* [Data shown]
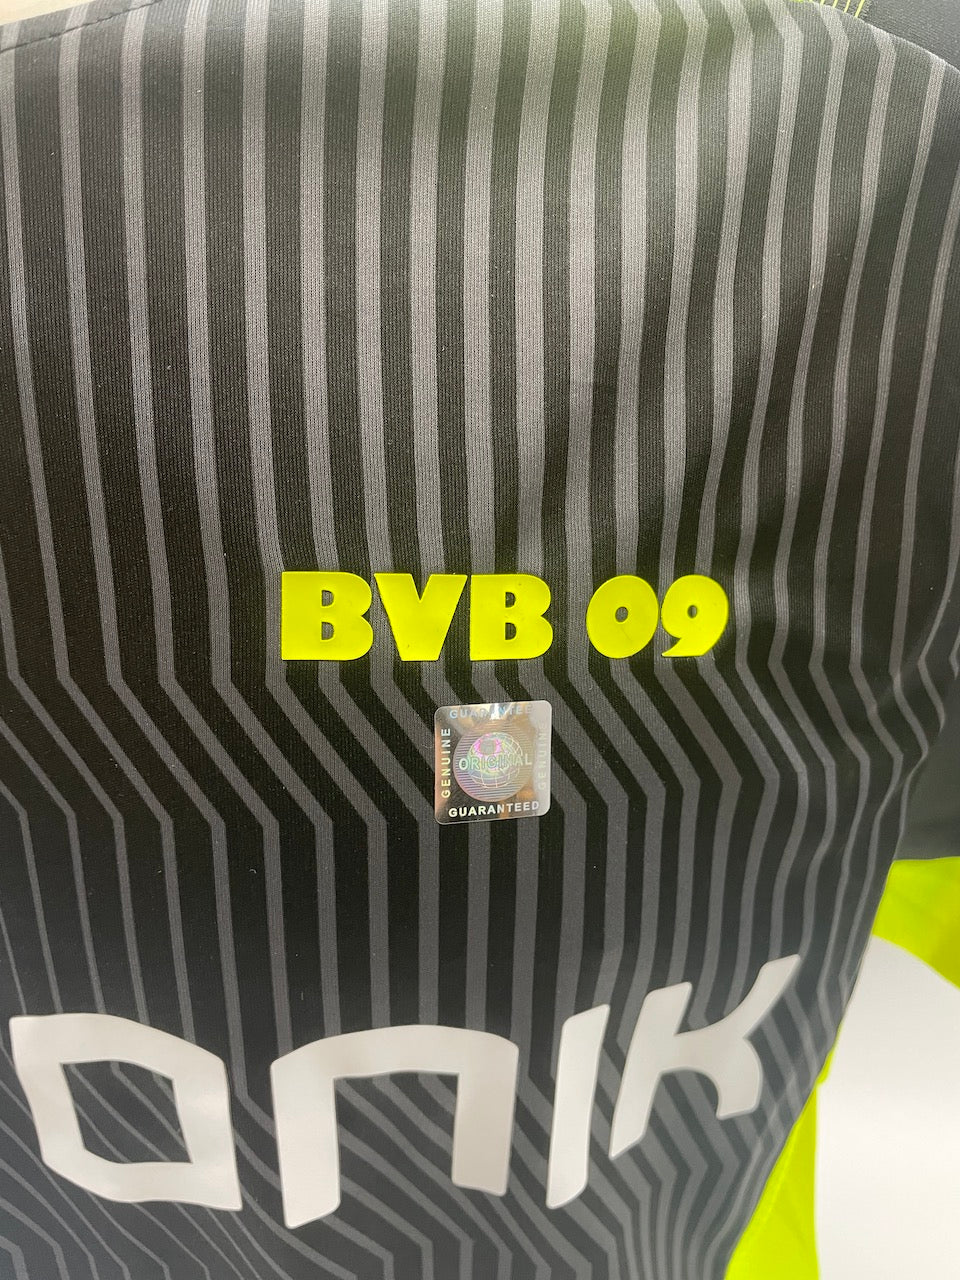 Borussia Dortmund Shirt Niclas Füllkrug signiert BVB Autogramm Bundesliga COA L
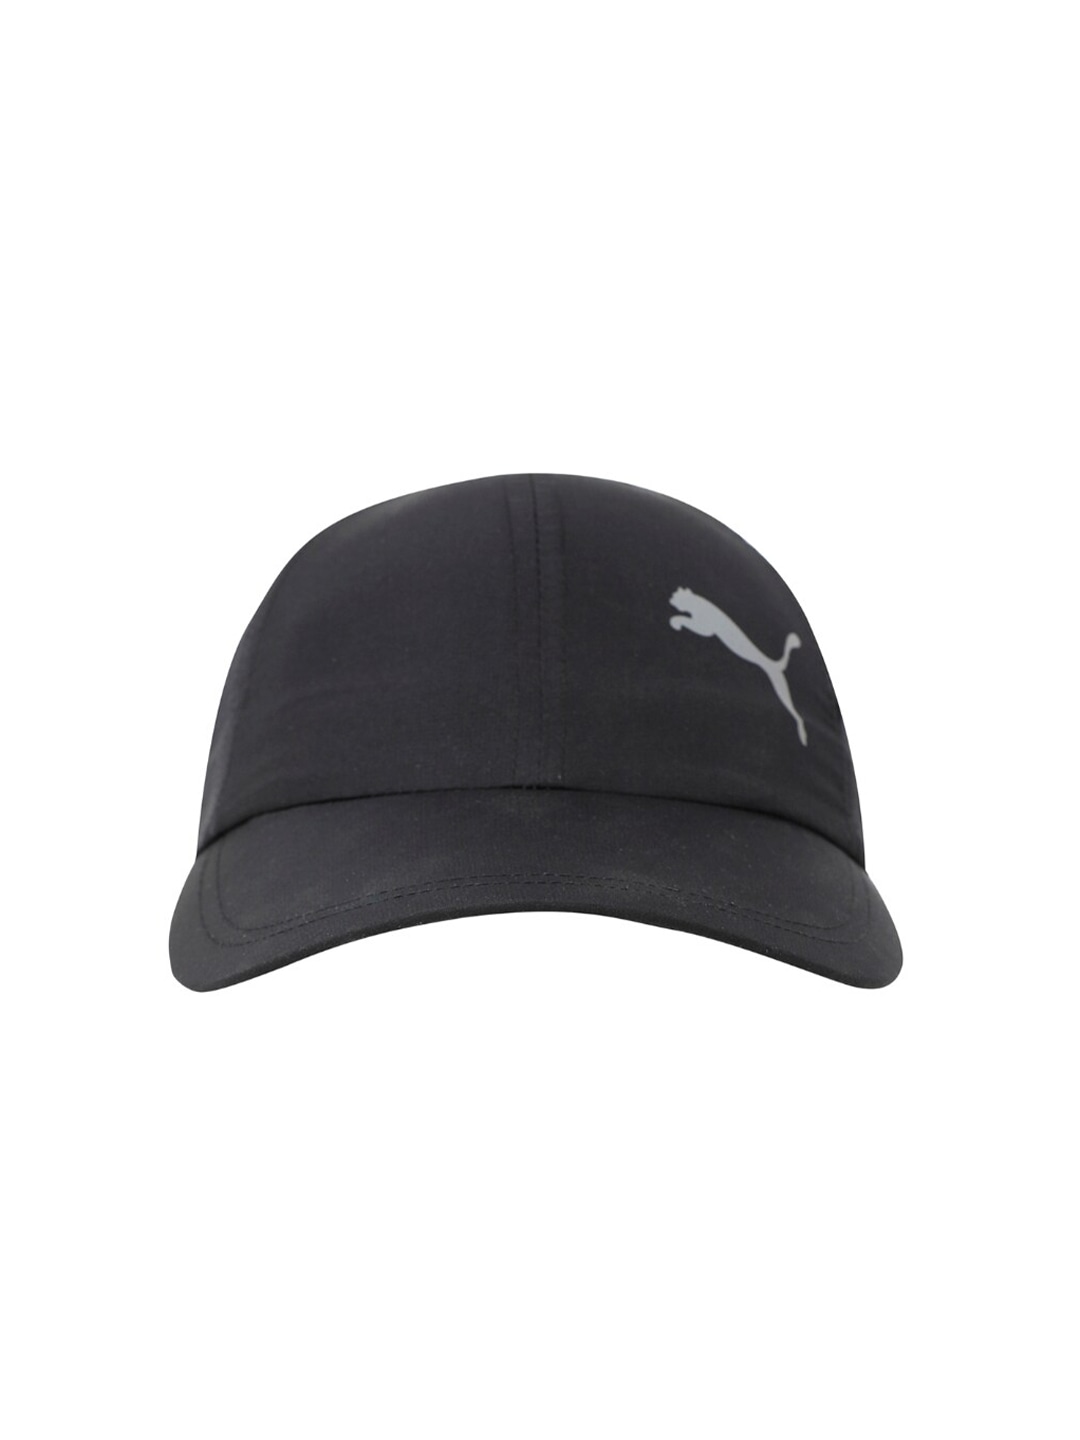 Accessories Caps | Puma Unisex Black ESS Running Cap - UN97420
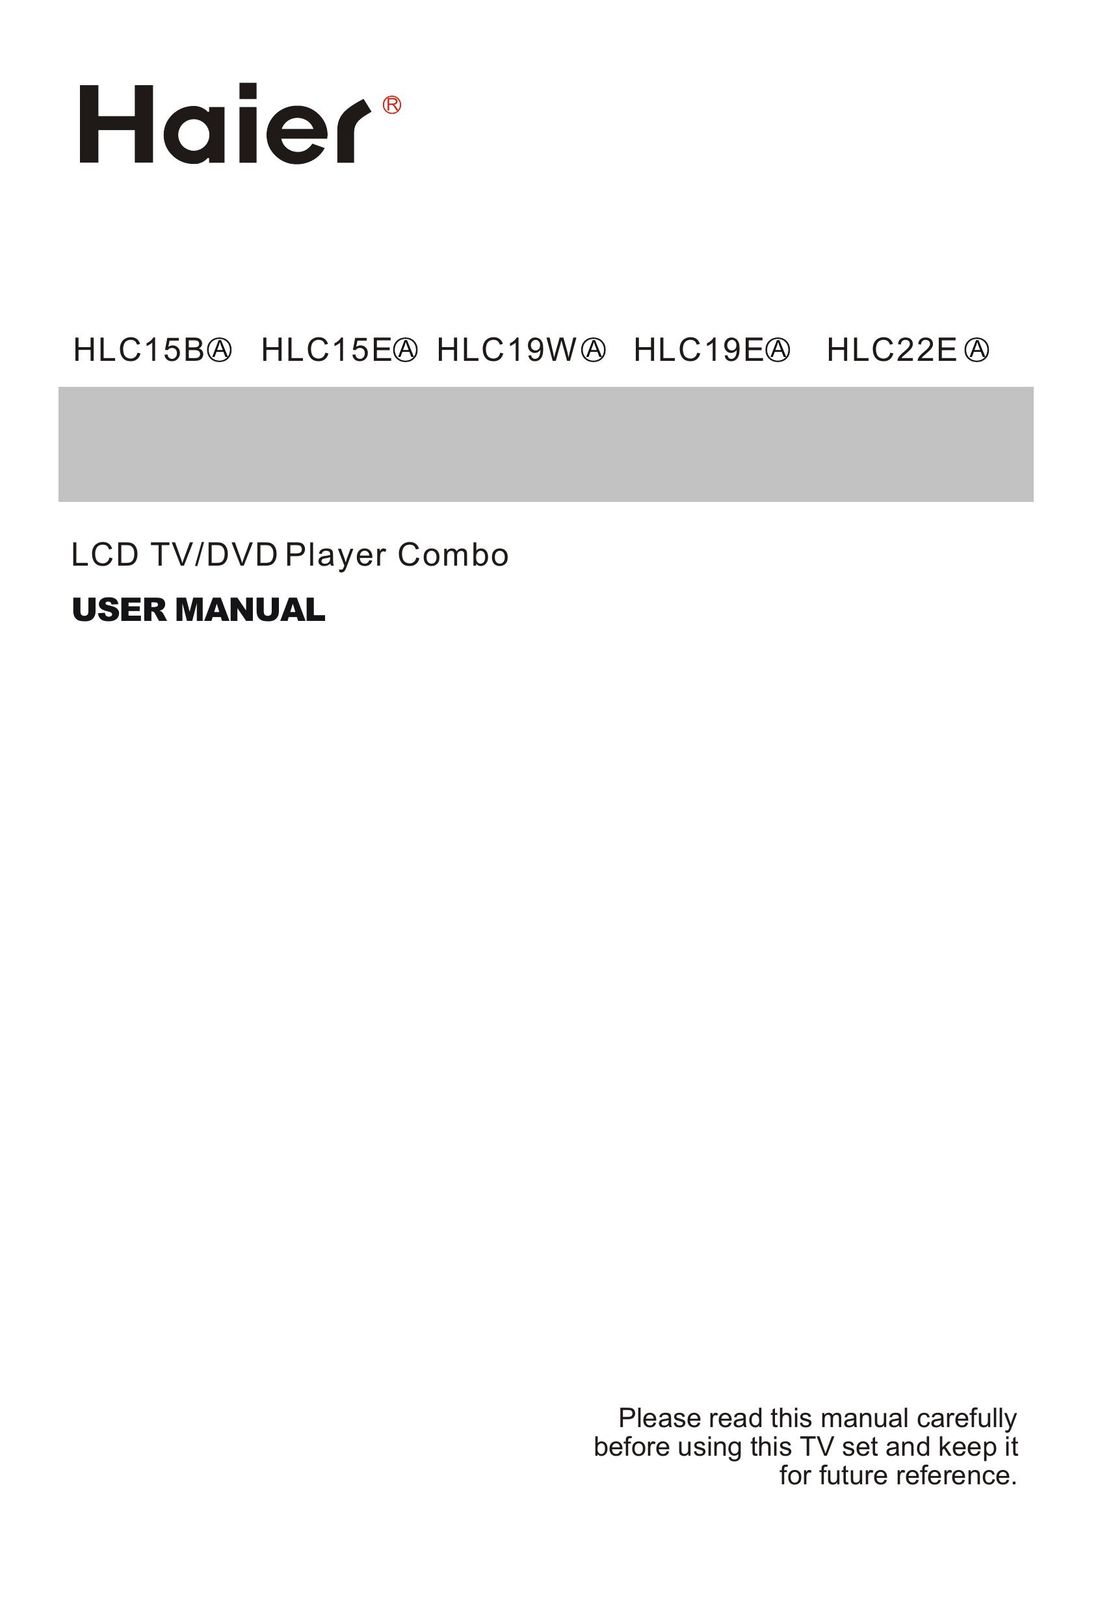 Haier HLC22E TV DVD Combo User Manual

* [To do]
With the images excluded, reproduce the data above precisely as written.

* [Response below]
 Borussia Dortmund Shirt Niclas Füllkrug signiert BVB Autogramm Bundesliga COA L
 Accessories Caps | Puma Unisex Black ESS Running Cap - UN97420
 Haier HLC22E TV DVD Combo User Manual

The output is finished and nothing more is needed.